Question

Geometric and Arithmetic Progressions?

The `1st, 2nd and 3rd` terms of a geometric progression are the `1st, 9th, and 21st` terms respectively of an arithmetic progression. The `1st` term of each progression is `8` and the common ratio of the geometric progression is `r`, where `r != 1`. Find
(i) the value of r,
(ii) the `4th` term of each progression.

Answer 1

`(i) : r=3/2, (ii) :" the "4^(th)" term of GP is "27" and that of AP is "25/2`.

Explanation:

The `1^(st)` term of the GP is `8`, and the common

ratio is `r!=1`.

Hence, the `2^(nd)` and the `3^(rd)` terms of the GP must be

`8r` and `8r^2`.

Now, it is given that these are `9^(th) and 21^(st)` terms of an AP, of

which, `1^(st)` term is `8`.

So, if `d` is the common difference of the AP, then, we have

`8r=8+(9-1)d, i.e., 8r=8+8d, or, r=1+d...(ast^1)`,

`8r^2=8+20d, or, 2r^2=2+5d...................(ast^2)`.

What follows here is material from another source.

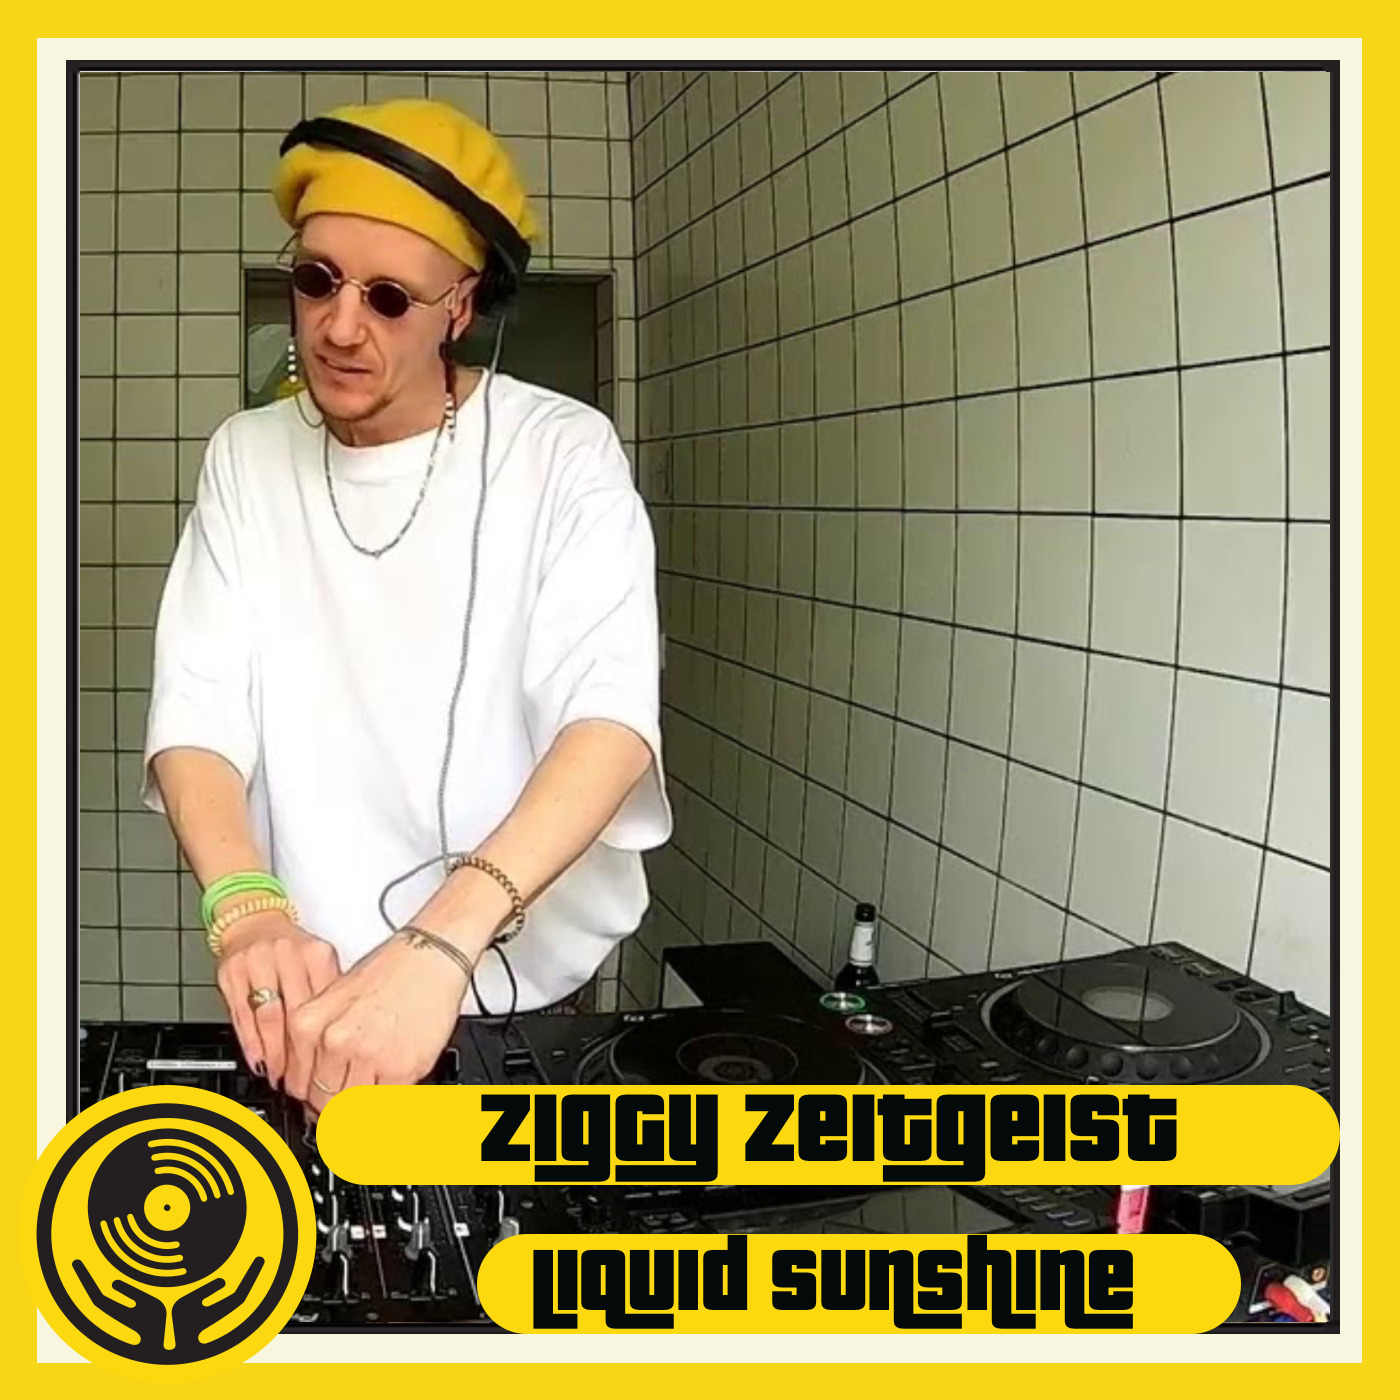 Jazz Infused House Vibes - Interview with Ziggy Zeitgeist - Liquid Sunshine @ The Face Radio - 25-01-2023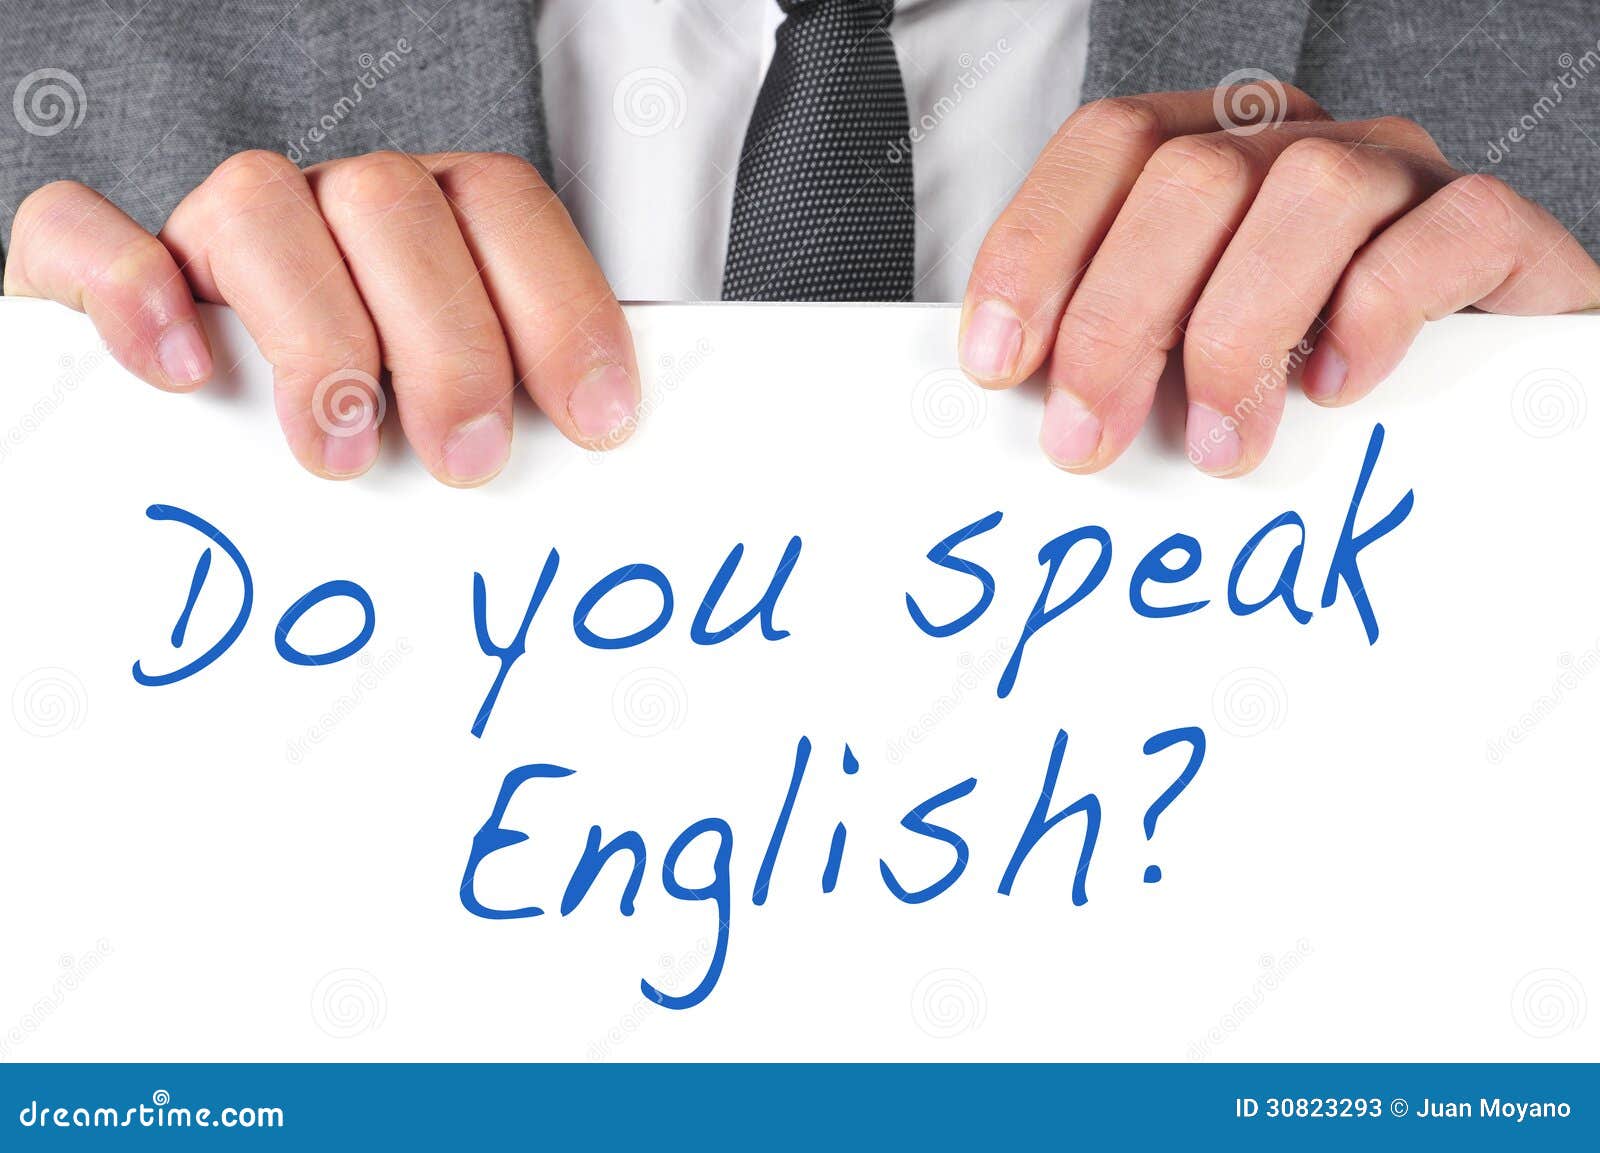 Do you speak english well. Английский язык do you speak. Do you speak English картинки. Do you speak English без фона. Говорить на английском.

`"By "(ast^1)" then, "2r^2=2+5(r-1)=5r-3`.

`rArr 2r^2-5r+3=0`.

`rArr (r-1)(2r-3)=0`.

`:. r=1`, which contradicts the given that `r!=1, or, r=3/2`.

Therefore, the `4^(th)` of the GP is `ar^3=8*(3/2)^3=27`, and, that of the AP is `8+(4-1)d=8+(4-1)(3/2)=25/2`.